Develop a plan
McDonald and the Service Brands leadership team began the strategic planning process at the brand level for a couple of reasons. First, the company’s brands are its public face, its customer interface and essentially the lifeblood of the whole process. If each brand didn’t get what it needed out of a strategic plan, Service Brands’ long-term health could not be assured.
The second reason is more general and applicable across all types of businesses: Employees want to feel engaged in defining their company’s future.
Once all parties under the corporate umbrella developed their specific strategies, McDonald then assisted in ramping those strategies to a larger corporate strategic vision that would provide longer-term direction for everyone in the organization.
“We were very methodical in how we did it,” McDonald says. “We took a lot of time, had a lot of people involved, and then at the end of the year, we presented our overall strategy to the board for final approval. Then we rolled it out to all our employees.”
Even though the strategy started at the brand level, the initial plan for strategy creation needed to start at the top. McDonald and the company’s leadership team met and began to draw a basic road map for proceeding through the treacherous economic climate. In the early fall of last year, the company leaders decided to drive the strategy formation process down to the individual brands.
“One of the brands would get together with their people, I would attend, and some members of the executive team would attend,” McDonald says. “For several days, we followed this very tight methodology process to make it happen. We identified that if we are going to be successful for the next one, two and three years, what do we need to do and how can we maximize our investment on both a human and financial basis?”
During the process, McDonald and the other corporate executives in attendance worked as equal participants with the brand presidents, who ran the meetings. By taking that approach, the company’s corporate leaders took an early step in creating ownership of the strategy among the company’s brand-level management and franchisees.
Once the president of each brand under the Service Brands umbrella had conducted their strategic planning workshop, McDonald and his leadership team took the strategic needs and requests from each brand and developed a master list, which they then took to Service Brands’ corporate-level support staff.

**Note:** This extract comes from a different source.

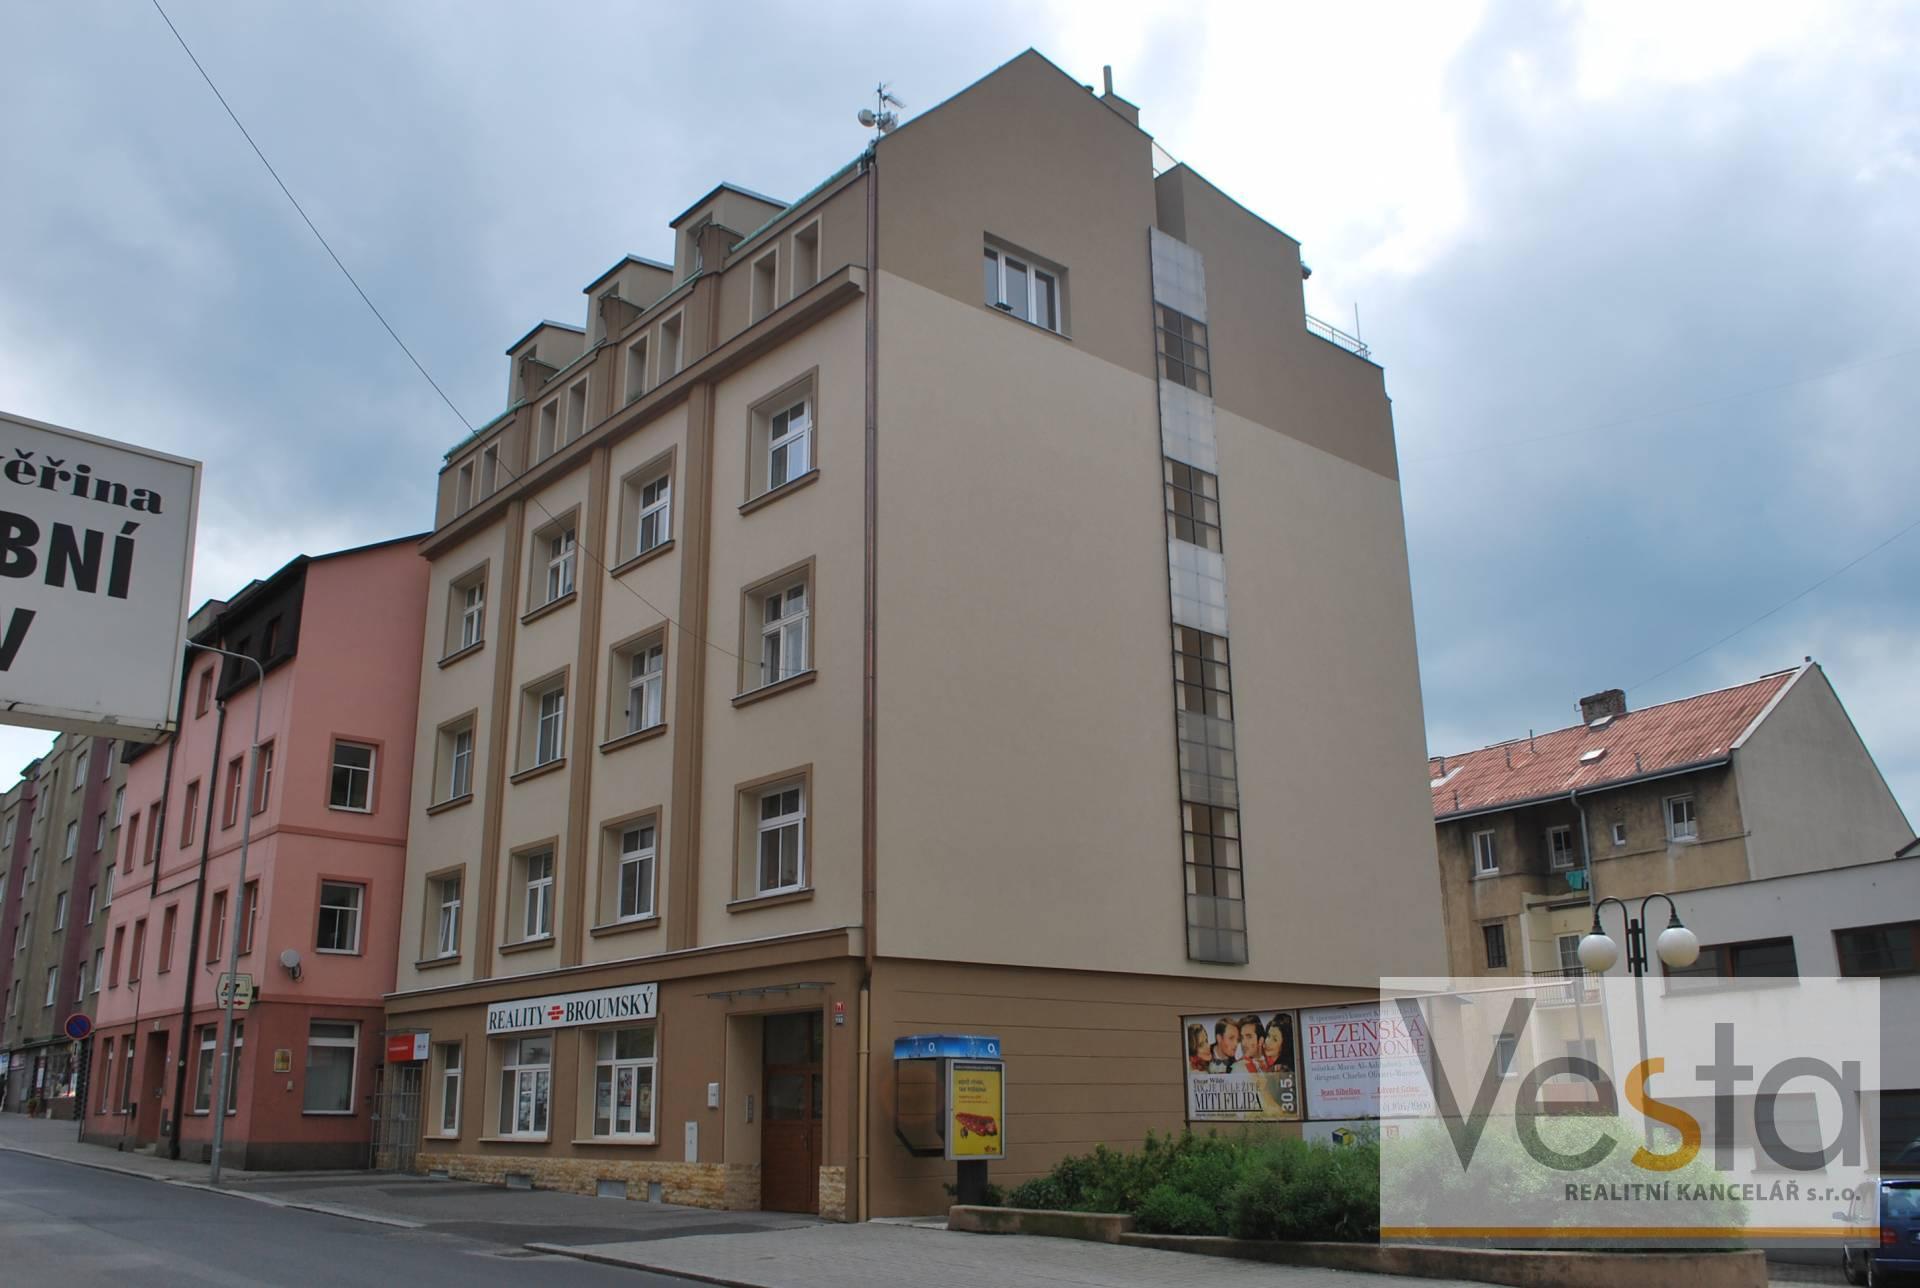 Zrekonstruovaný byt 1+1 s terasou s krásným výhledem

“We developed a list of what we needed from technology, what we needed from marketing, what we needed from legal and finance, and so on,” he says. “Then we went to each of our support functions and told them exactly that: ‘This is what we need from you in order for our brands to be successful.’ The support function leaders then met with their teams and came up with their own business plans, which were essentially their strategies for dealing with this.”
Once the support staff teams reported back to upper management with their plans — including costs, projected returns, resources needed and measurement methods — McDonald’s team then pieced all the brand-level and support-level work together to form Service Brands’ overarching strategy.

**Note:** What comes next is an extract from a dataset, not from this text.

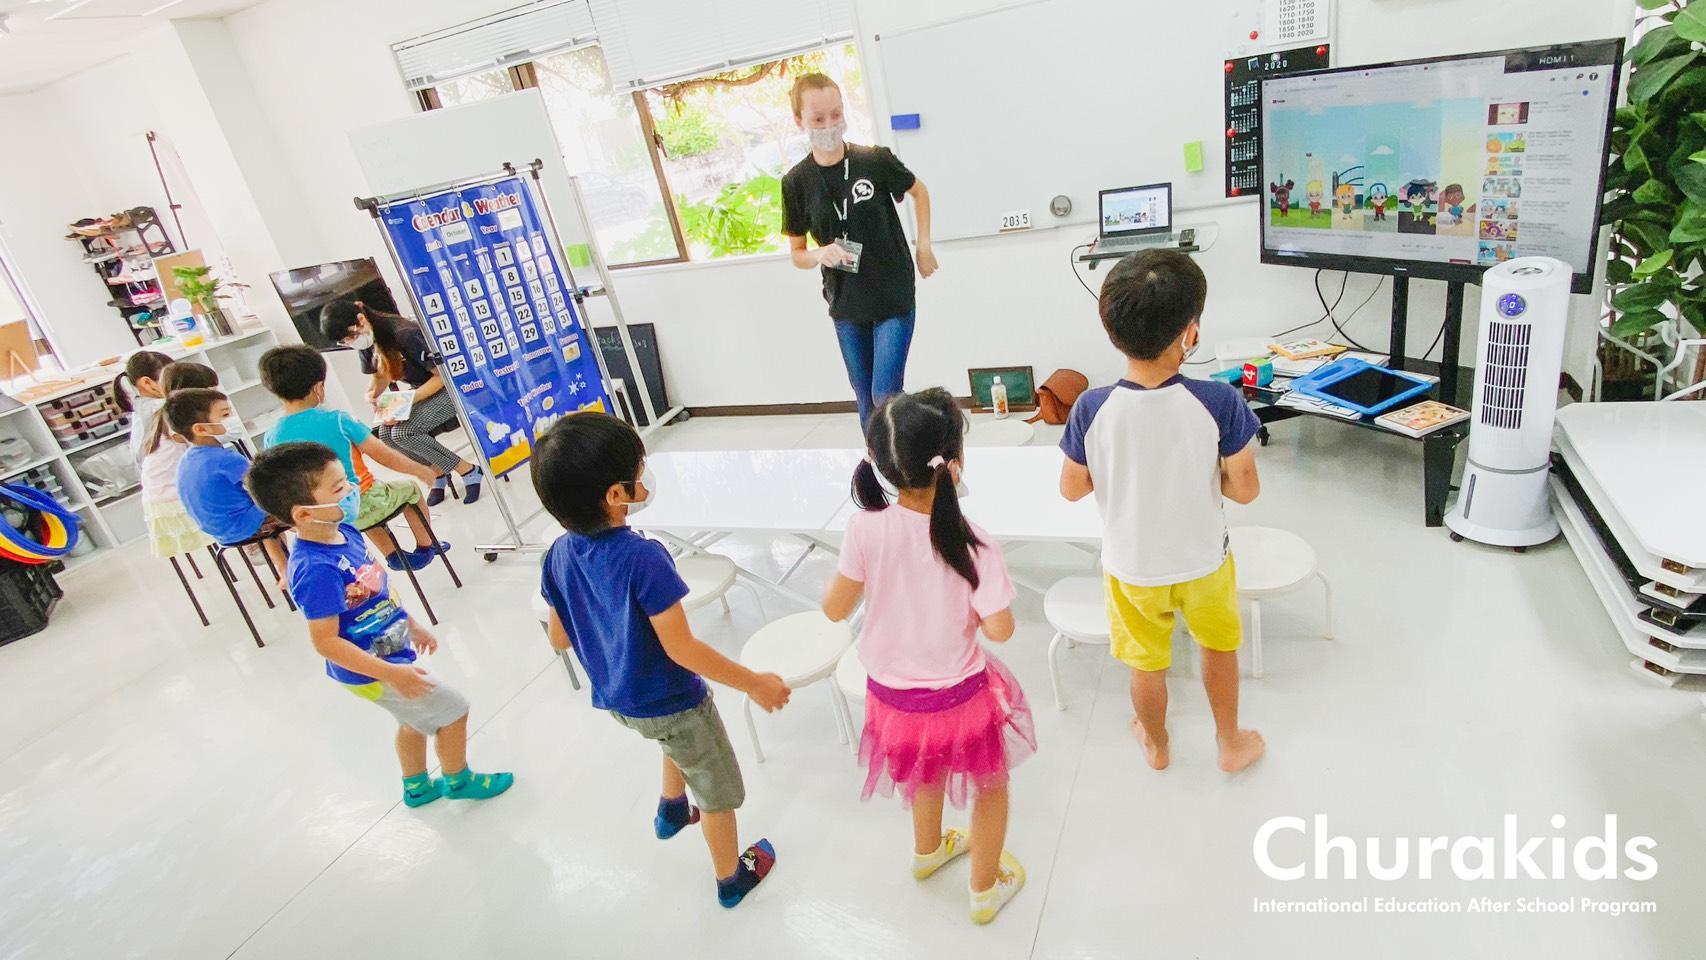 沖縄市の英会話教室 Churakids

“It was really nothing more than a rollup of all the brand strategies,” McDonald says. “There is no point in trying to have alignment if the corporate strategy is something completely different from what the brands are trying to accomplish. You need to have alignment and unification if you have strategies at different levels of the organization. At the end of all of the planning, what we have now is that every person in the organization is aware of not only what we want to do from an overall organizational standpoint but also from the perspective of each of our brands and support functions. Everyone understands that our goal is to make our franchisees as successful as possible.”
McDonald says any good strategic planning process is rooted in good communication. If there is an overall lesson to be learned from his experience, he says it is to communicate constantly during the planning process.
“It’s the frequency, it’s the detail, all of those things,” he says. “People need to realize where you’re trying to go as an organization, and they need to know when you’ve arrived. That is an ongoing process, both during and after the strategic planning process. You can communicate the direction of the company in many ways and solicit feedback in many ways, but just like anything else in business, it should be a part of a planned strategy.”